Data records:
[Start of Attachment]
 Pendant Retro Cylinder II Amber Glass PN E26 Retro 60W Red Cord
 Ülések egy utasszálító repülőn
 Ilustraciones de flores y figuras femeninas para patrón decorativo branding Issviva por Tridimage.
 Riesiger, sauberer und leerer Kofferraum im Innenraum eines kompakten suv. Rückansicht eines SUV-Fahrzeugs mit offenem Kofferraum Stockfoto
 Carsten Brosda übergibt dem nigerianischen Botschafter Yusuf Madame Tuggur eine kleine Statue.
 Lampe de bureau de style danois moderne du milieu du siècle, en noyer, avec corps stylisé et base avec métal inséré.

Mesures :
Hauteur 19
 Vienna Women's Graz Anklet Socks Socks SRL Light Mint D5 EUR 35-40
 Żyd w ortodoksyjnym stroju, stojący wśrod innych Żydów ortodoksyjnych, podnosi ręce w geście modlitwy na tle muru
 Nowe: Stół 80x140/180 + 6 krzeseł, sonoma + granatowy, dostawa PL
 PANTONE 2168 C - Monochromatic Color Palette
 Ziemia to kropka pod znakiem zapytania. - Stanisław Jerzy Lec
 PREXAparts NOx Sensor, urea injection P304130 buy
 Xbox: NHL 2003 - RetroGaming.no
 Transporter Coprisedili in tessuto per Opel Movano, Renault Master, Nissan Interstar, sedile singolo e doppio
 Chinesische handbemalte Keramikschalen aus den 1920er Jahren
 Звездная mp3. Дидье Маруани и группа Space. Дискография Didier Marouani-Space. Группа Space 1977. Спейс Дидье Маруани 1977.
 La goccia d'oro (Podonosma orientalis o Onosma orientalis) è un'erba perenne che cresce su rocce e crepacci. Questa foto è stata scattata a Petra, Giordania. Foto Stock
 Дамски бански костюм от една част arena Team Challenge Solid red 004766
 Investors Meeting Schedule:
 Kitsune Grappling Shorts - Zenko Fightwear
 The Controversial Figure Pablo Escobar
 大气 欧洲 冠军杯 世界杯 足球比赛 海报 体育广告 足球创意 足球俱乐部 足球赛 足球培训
[End of Attachment]
Problem to solve –
Exact transcription of the records is all that is wanted.

Response box –
 Pendant Retro Cylinder II Amber Glass PN E26 Retro 60W Red Cord
 Ülések egy utasszálító repülőn
 Ilustraciones de flores y figuras femeninas para patrón decorativo branding Issviva por Tridimage.
 Riesiger, sauberer und leerer Kofferraum im Innenraum eines kompakten suv. Rückansicht eines SUV-Fahrzeugs mit offenem Kofferraum Stockfoto
 Carsten Brosda übergibt dem nigerianischen Botschafter Yusuf Madame Tuggur eine kleine Statue.
 Lampe de bureau de style danois moderne du milieu du siècle, en noyer, avec corps stylisé et base avec métal inséré.

Mesures :
Hauteur 19
 Vienna Women's Graz Anklet Socks Socks SRL Light Mint D5 EUR 35-40
 Żyd w ortodoksyjnym stroju, stojący wśrod innych Żydów ortodoksyjnych, podnosi ręce w geście modlitwy na tle muru
 Nowe: Stół 80x140/180 + 6 krzeseł, sonoma + granatowy, dostawa PL
 PANTONE 2168 C - Monochromatic Color Palette
 Ziemia to kropka pod znakiem zapytania. - Stanisław Jerzy Lec
 PREXAparts NOx Sensor, urea injection P304130 buy
 Xbox: NHL 2003 - RetroGaming.no
 Transporter Coprisedili in tessuto per Opel Movano, Renault Master, Nissan Interstar, sedile singolo e doppio
 Chinesische handbemalte Keramikschalen aus den 1920er Jahren
 Звездная mp3. Дидье Маруани и группа Space. Дискография Didier Marouani-Space. Группа Space 1977. Спейс Дидье Маруани 1977.
 La goccia d'oro (Podonosma orientalis o Onosma orientalis) è un'erba perenne che cresce su rocce e crepacci. Questa foto è stata scattata a Petra, Giordania. Foto Stock
 Дамски бански костюм от една част arena Team Challenge Solid red 004766
 Investors Meeting Schedule:
 Kitsune Grappling Shorts - Zenko Fightwear
 The Controversial Figure Pablo Escobar
 大气 欧洲 冠军杯 世界杯 足球比赛 海报 体育广告 足球创意 足球俱乐部 足球赛 足球培训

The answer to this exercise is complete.